Racism - 1927

This is an almost forgotten event and possibly should be forgotten.

I believe I am the only one alive that remembers this occasion.

The thinking by some at this early stage of the district was that it would be detrimental to the interests of the young growing community to allow Orientals to become established. A petition was circulated and signed by 45 landowners objecting to Orientals being allowed into the district.

Two growers, Dr. Harcourt Heal and his brother George Heal had neighboring properties. Dr. Heal, an absentee landowner and a dentist practicing in Vancouver, ignoring the feelings of other growers decided to hire a "Chinaman", wages being $40. per month.

Not being a landowner, and not fully aware of the implications, I was requested to join a group of 15 or 20 men one morning to protest. Armed with hoes, shovels and various farm tools we marched up to George Heal's farm (Dr. Heal being absent). The spokesman of the party was Sandy McPherson, proprietor of South Okanagan Supply Co.

In no uncertain terms McPherson told George, who met us at the gate "that the chinaman was not welcome" and he was given 24 hours to leave Oliver.

George replied, saying he was staying and he had $10,000 to fight the case.
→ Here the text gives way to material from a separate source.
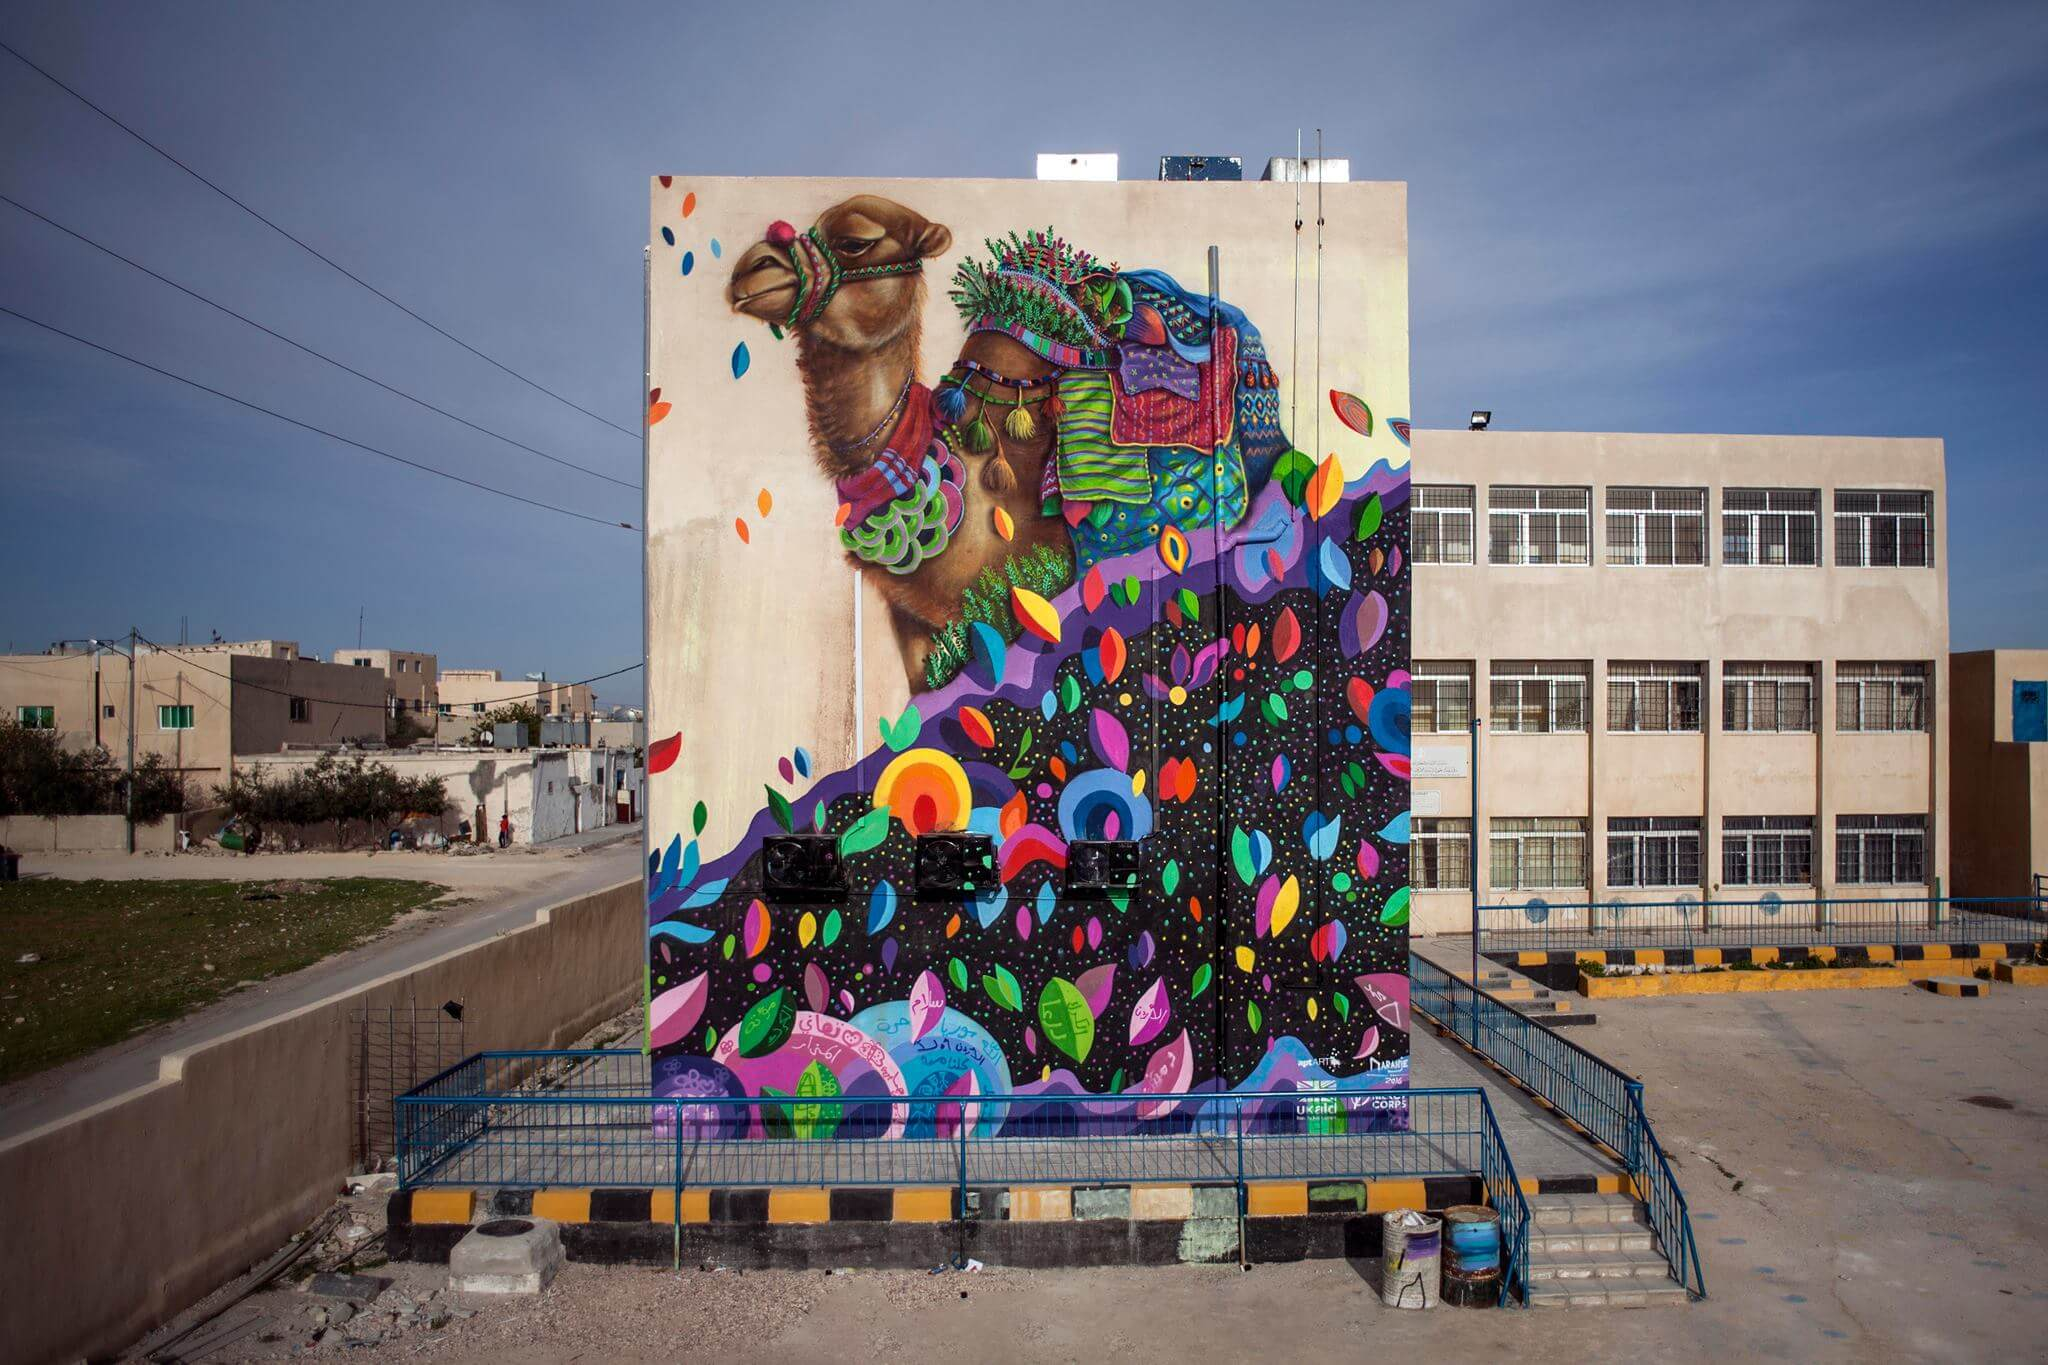 Street artist Ernesto Maranje brings his colourful animals to Jordan, 2016
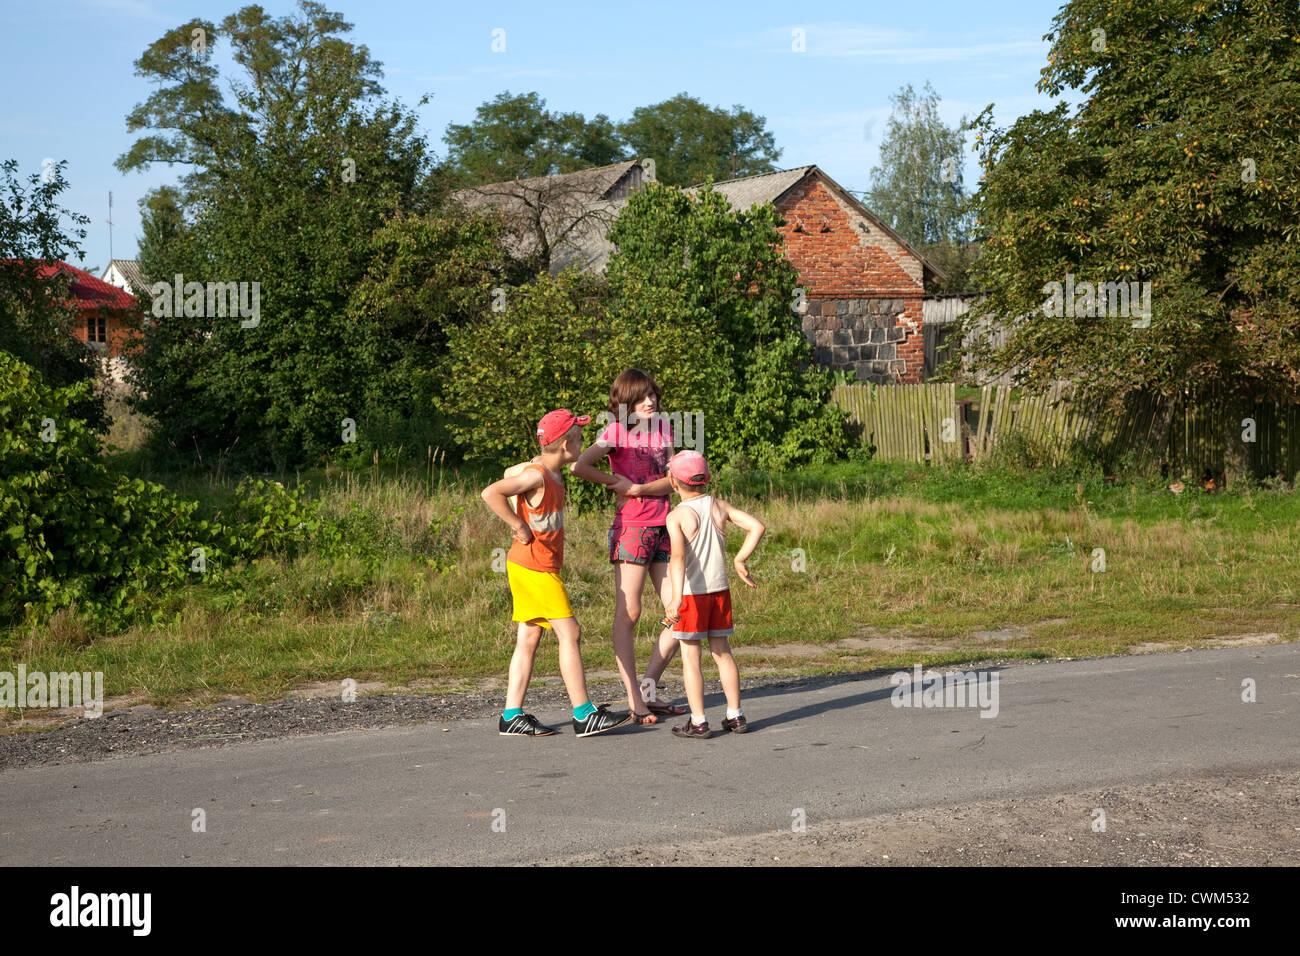 Polish children talking on village road. Mala Wola Central Poland - Stock Image

The following evening as the man was on his way home with a team of horses, a car drove up beside him, and two hooded men accosted him, blindfolded him and drove him up to the Fairview-Cawston summit. He was told to keep going towards Cawston and never come back to Oliver. The team of horses well knew the way and went safely home to the farm.

It was reported that the two men who confiscated him were each paid $300, a goodly sum of money in 1927.

A court case eventually was held. The magistrate was W.G. Wilkins. During the trial, evidence and reliable witnesses were not to be found so the case was dismissed. The Canadian Legion was a strong group at that time with much influence.

PS. All the characters mentioned were good citizens and acting according to their consciences at the time.